#### [GOAL OF THE EXERCISE]
Retype the data that follows line by line, exactly, and leave its pictures out.

#### [SUPPLIED MATERIAL]
=== Begin Enclosure ===

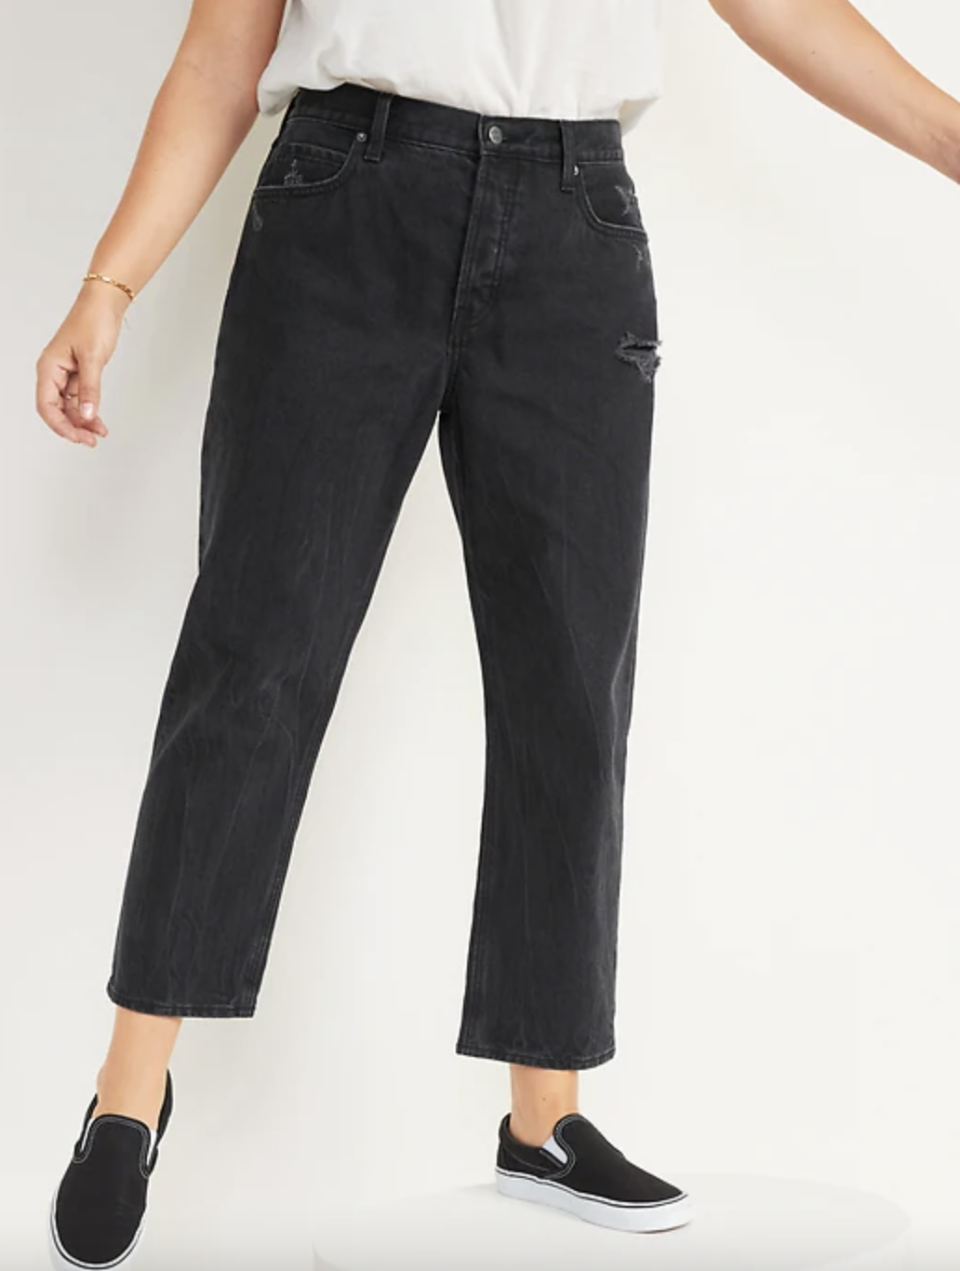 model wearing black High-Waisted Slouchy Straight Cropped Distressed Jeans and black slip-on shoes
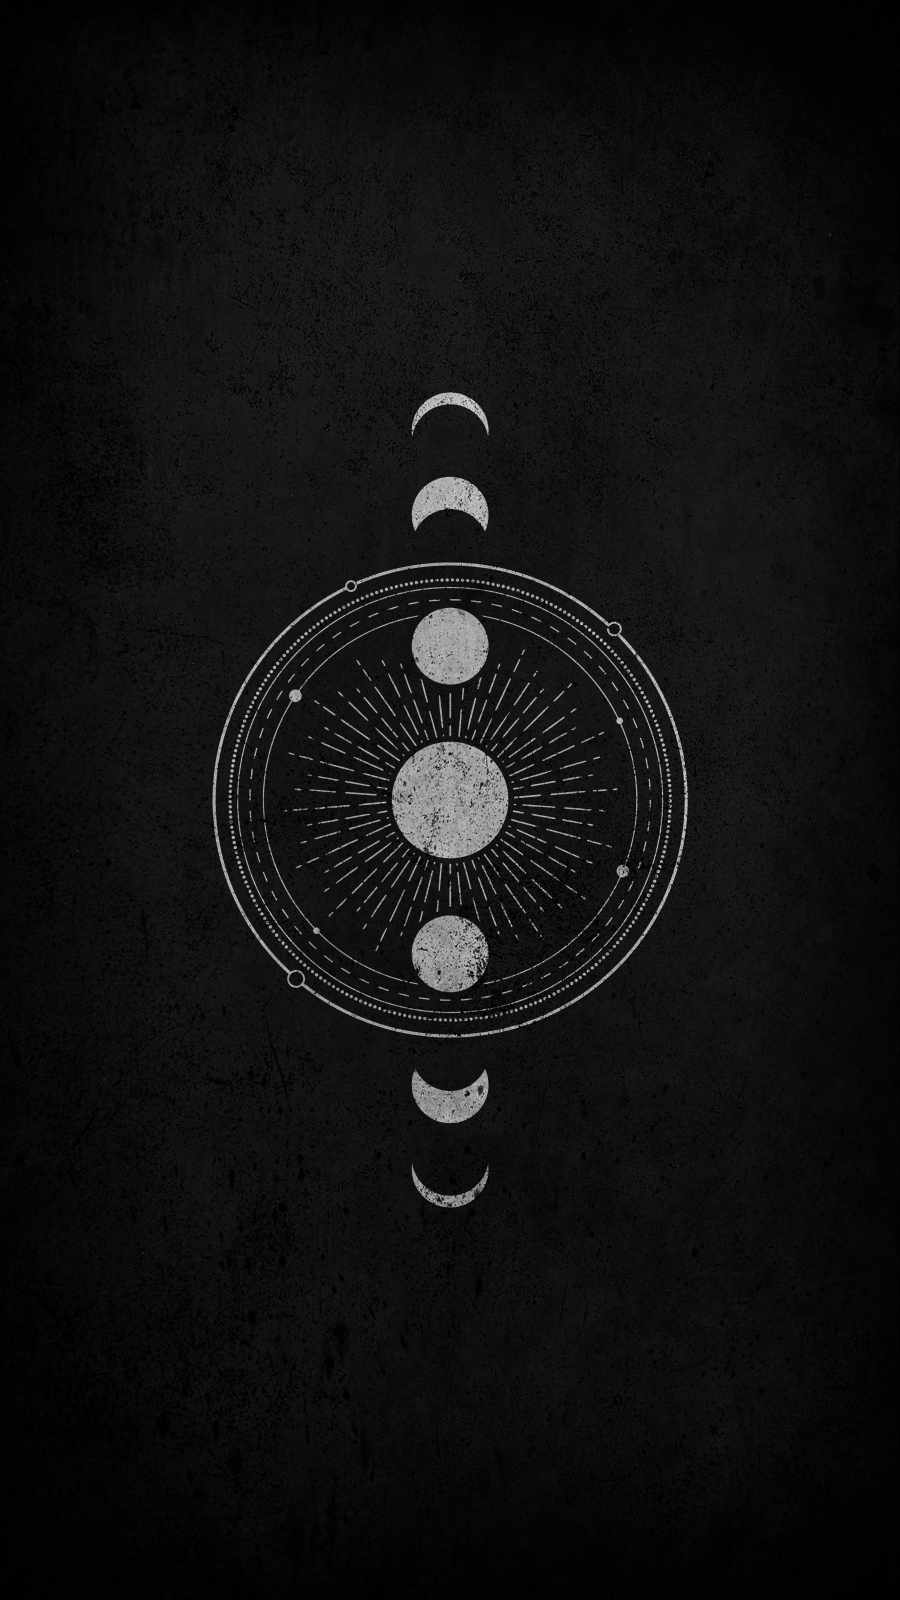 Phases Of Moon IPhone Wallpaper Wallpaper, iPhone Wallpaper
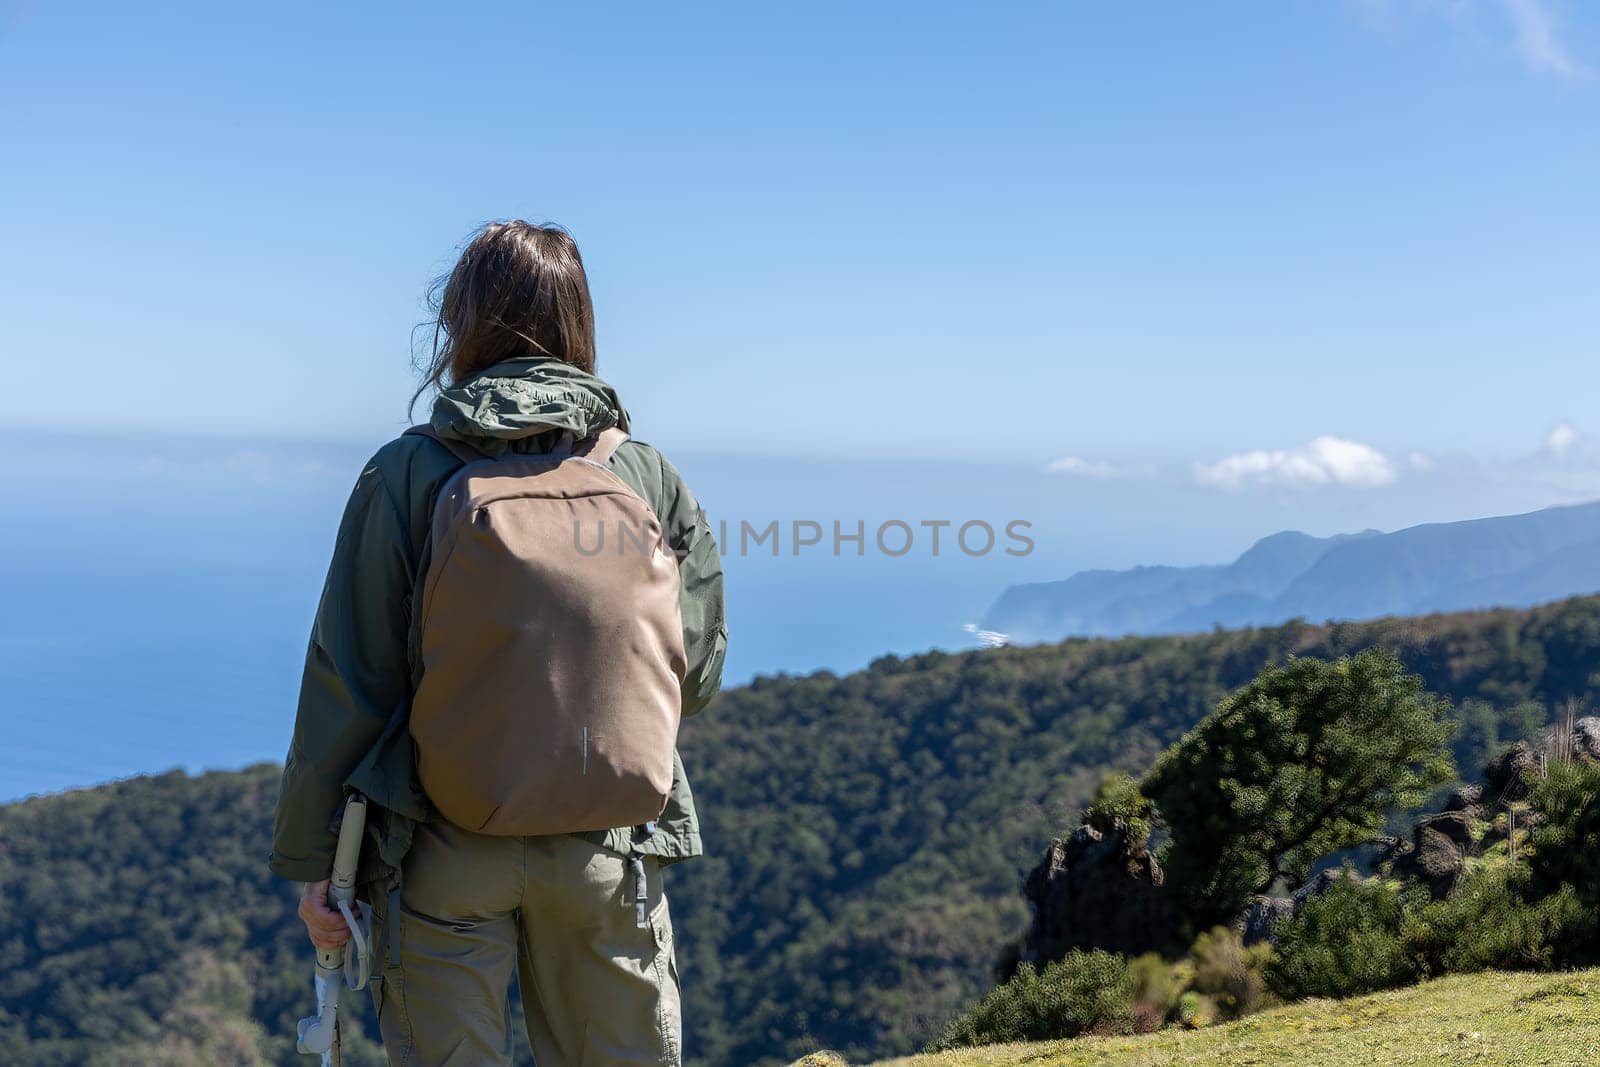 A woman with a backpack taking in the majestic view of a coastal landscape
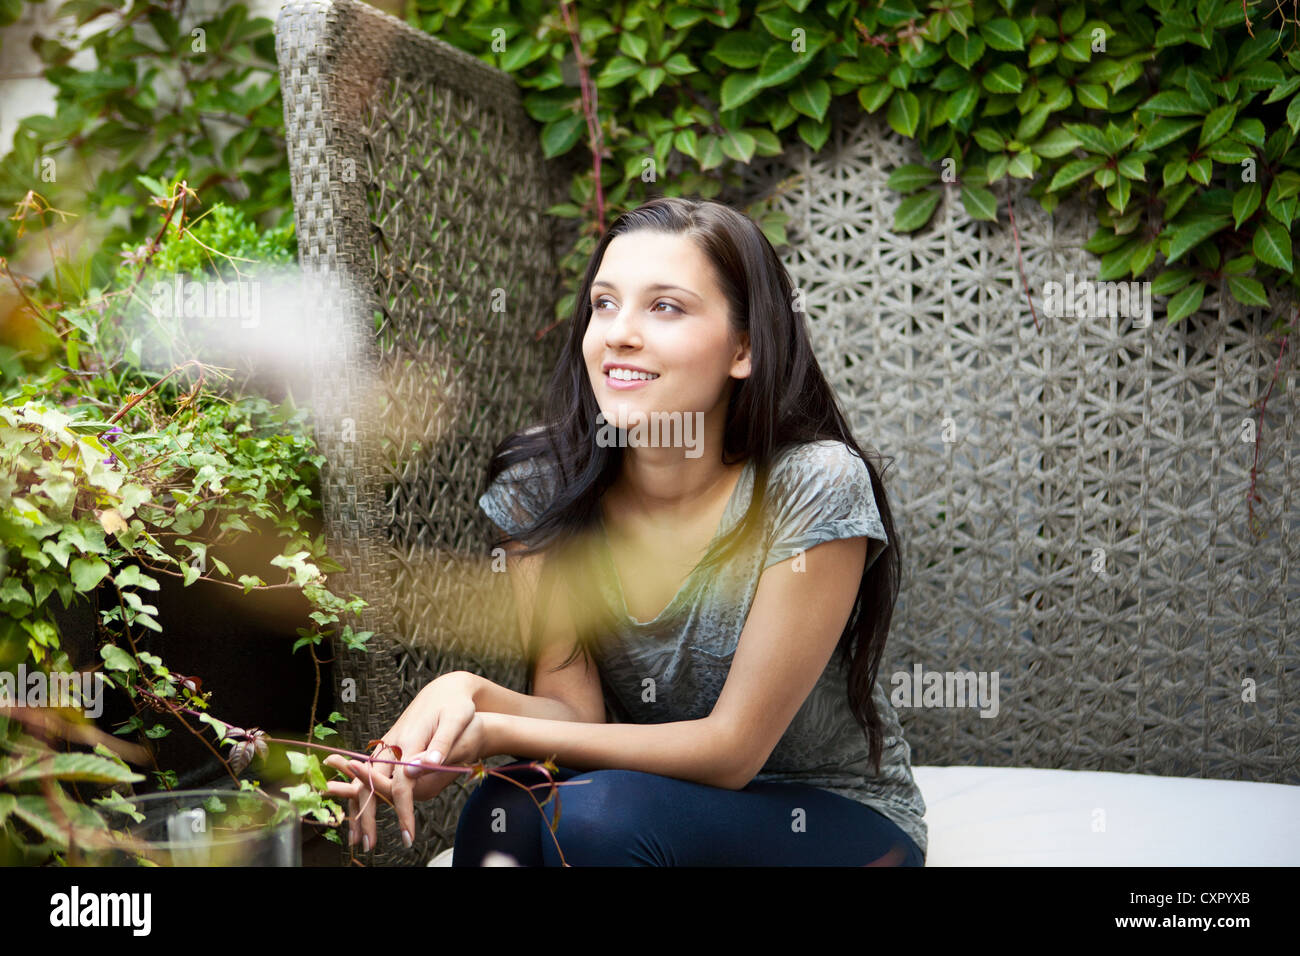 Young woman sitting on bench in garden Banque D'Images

=== End Enclosure ===

#### [TASK ANSWER]
 model wearing black High-Waisted Slouchy Straight Cropped Distressed Jeans and black slip-on shoes
 Phases Of Moon IPhone Wallpaper Wallpaper, iPhone Wallpaper
 A woman with a backpack taking in the majestic view of a coastal landscape
 Young woman sitting on bench in garden Banque D'Images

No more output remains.